Scientific classification
- Kingdom: Animalia
- Phylum: Chordata
- Class: Aves
- Order: Passeriformes
- Family: Muscicapidae
- Genus: Copsychus
- Species: C. pyrropygus
- Binomial name: Copsychus pyrropygus (Lesson, 1839)
- Synonyms: Trichixos pyrropyga Lesson, 1839 [orth. error]; Copsychus pyrropyga;

= Rufous-tailed shama =

- Genus: Copsychus
- Species: pyrropygus
- Authority: (Lesson, 1839)
- Conservation status: NT
- Synonyms: Trichixos pyrropyga Lesson, 1839 [orth. error], Copsychus pyrropyga

Species of bird

The rufous-tailed shama (Copsychus pyrropygus) is a species of passerine bird in the Old World flycatcher family Muscicapidae.
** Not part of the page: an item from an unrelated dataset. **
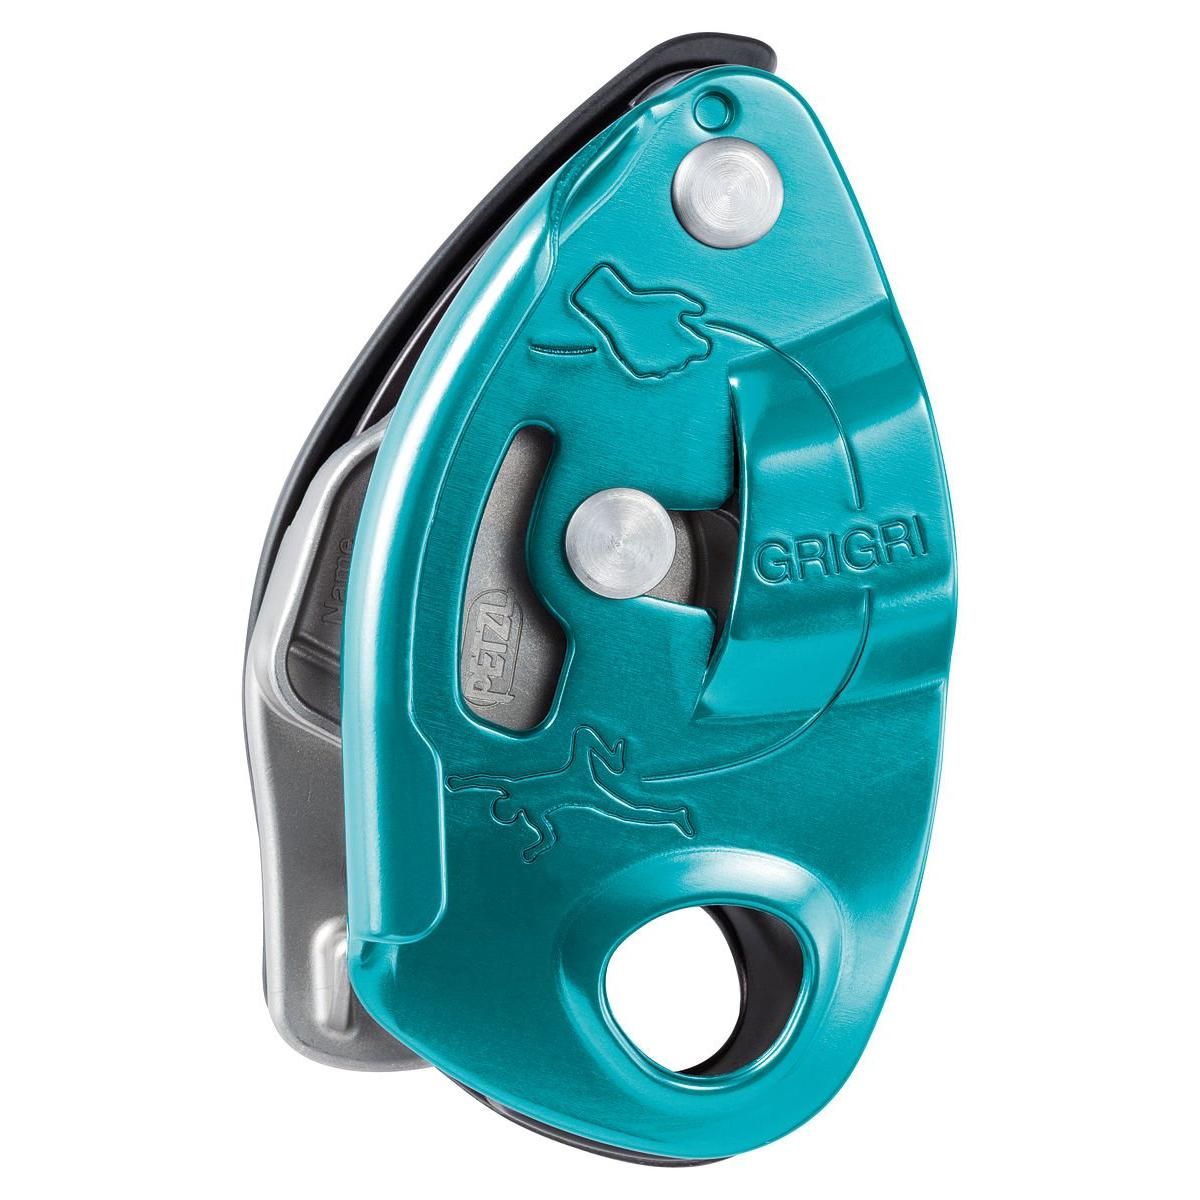 Petzl Charlet Petzl GriGri Belay Device - Blue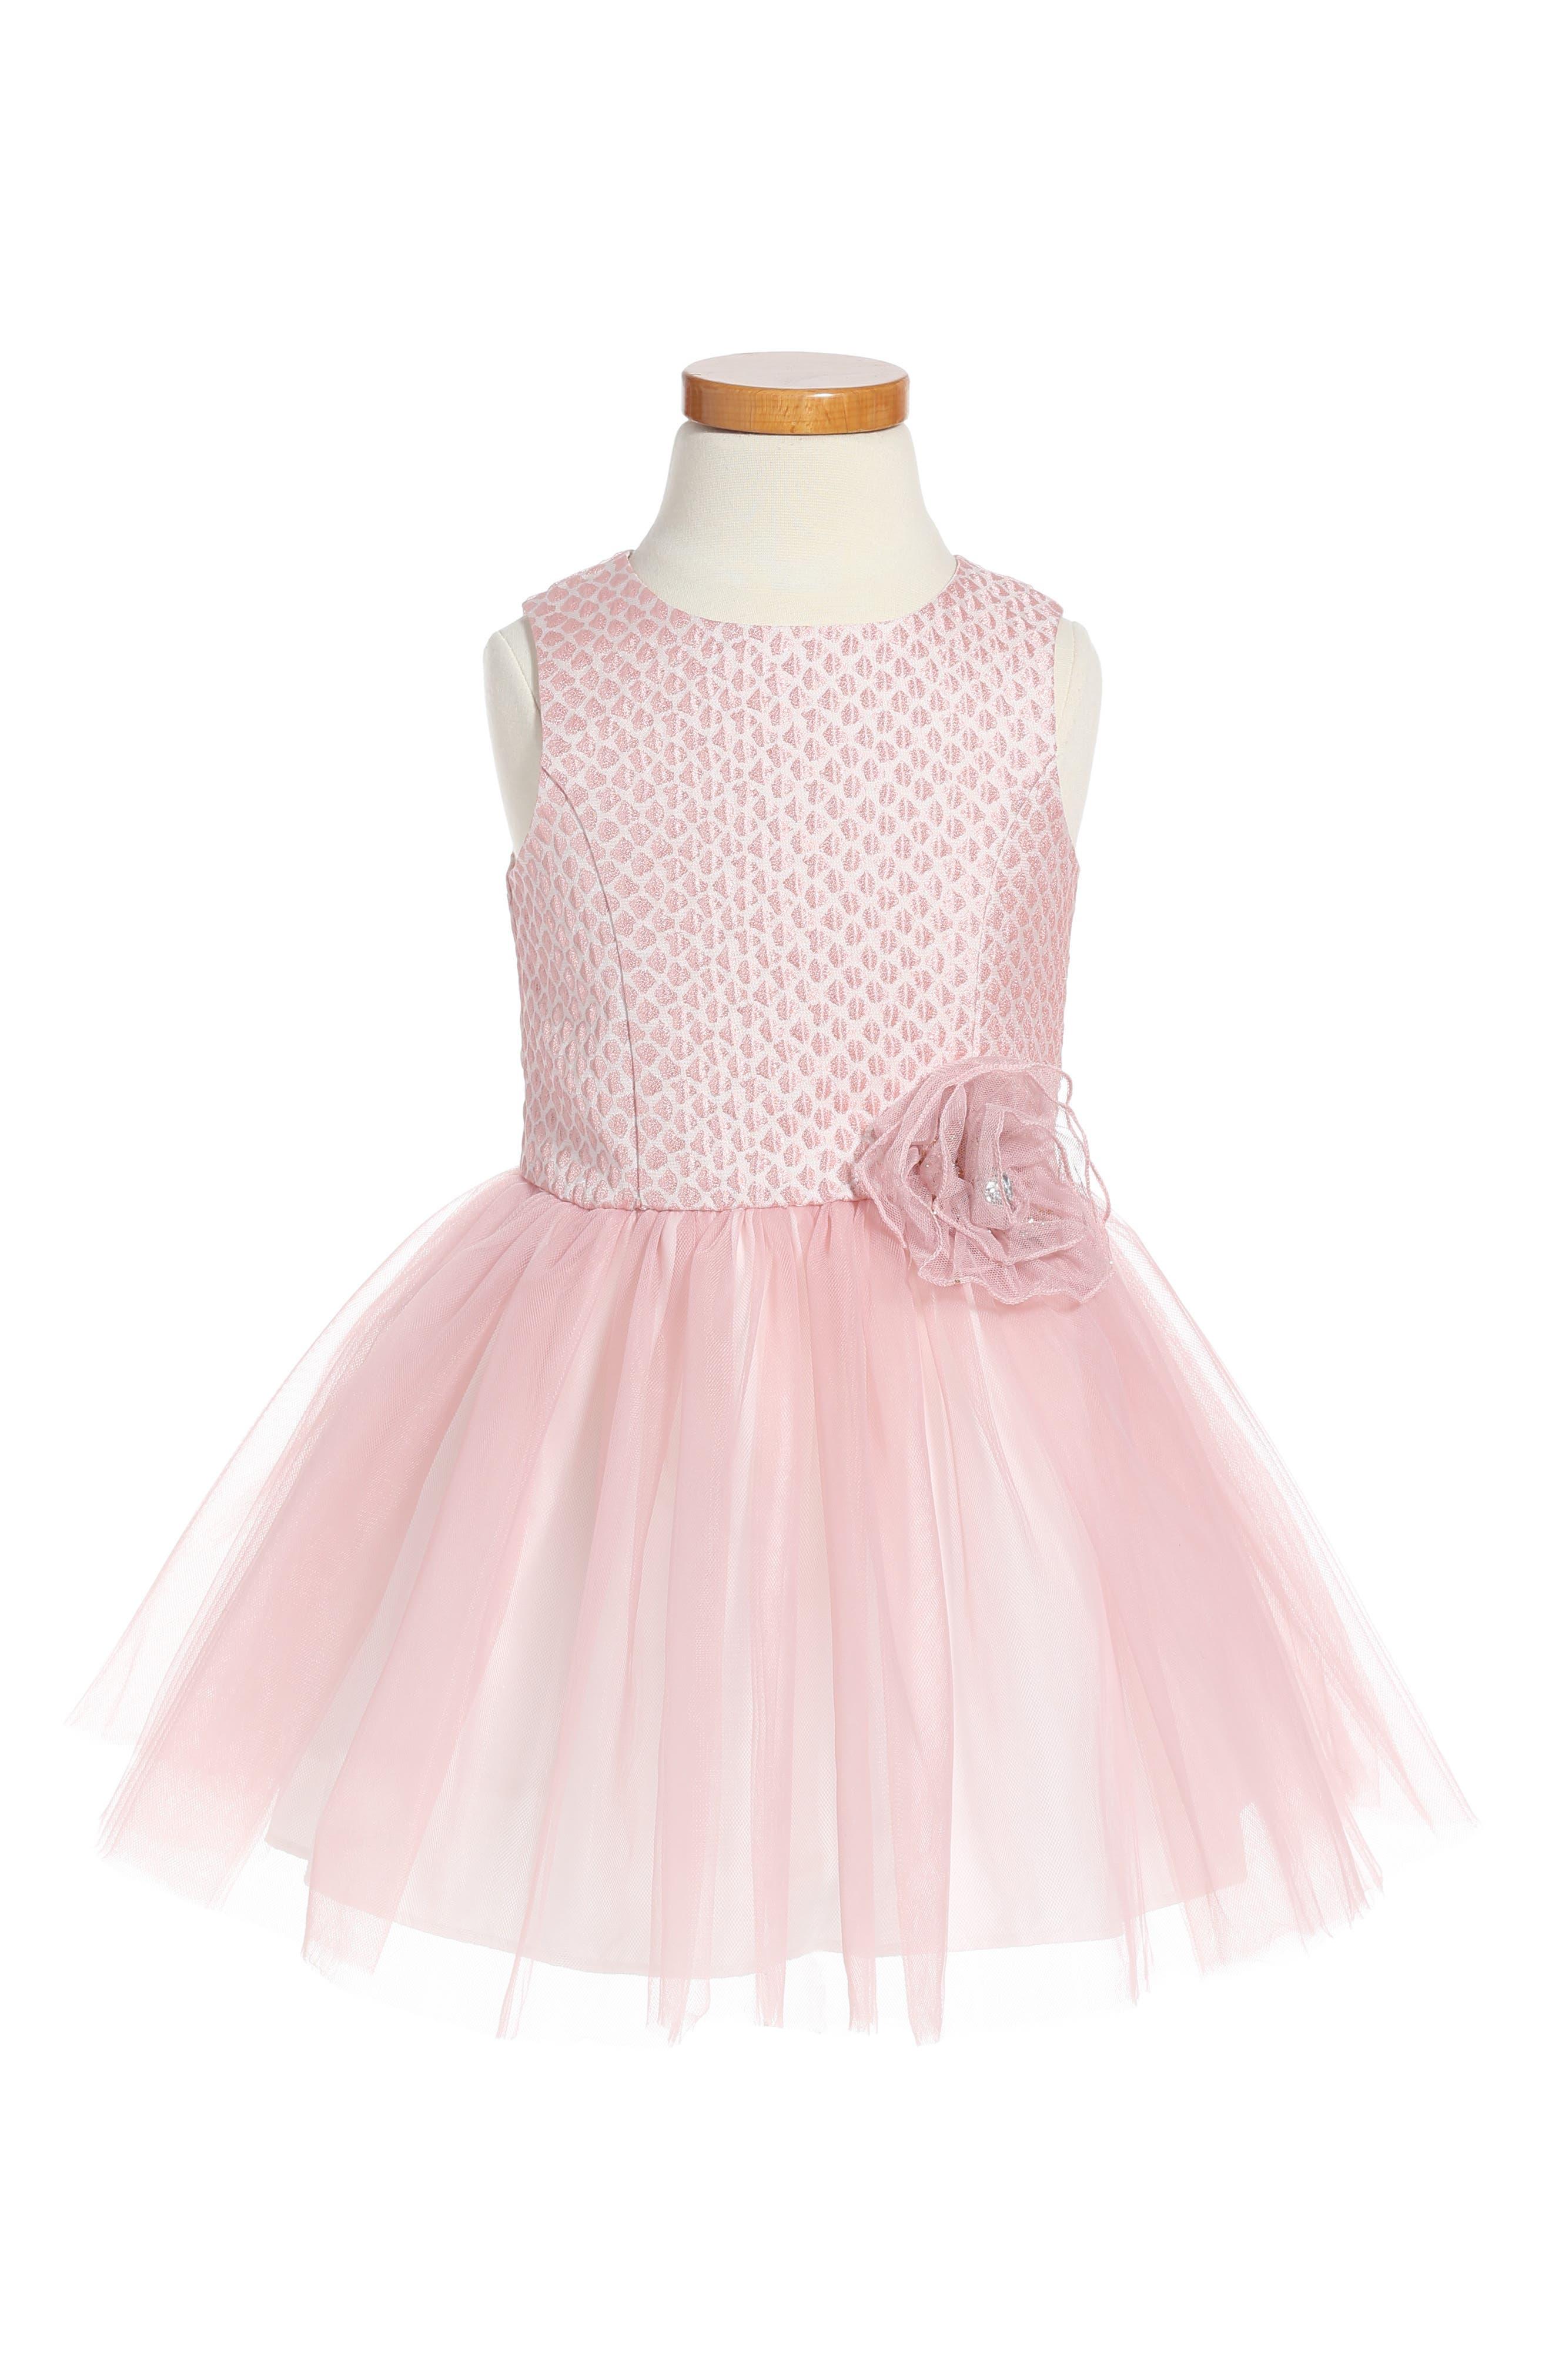 Main Image - Pippa & Julie Brocade & Tulle Dress (Toddler Girls & Little Girls)

It is found in extreme southern Thailand, Malaysia, Sumatra, and Borneo, where its natural habitats are subtropical or tropical moist lowland forests and subtropical or tropical swamps. It is threatened by habitat loss.

This species was formerly placed in the monotypic genus Trichixos but was moved to Copsychus based on the results of a molecular phylogenetic study published in 2010.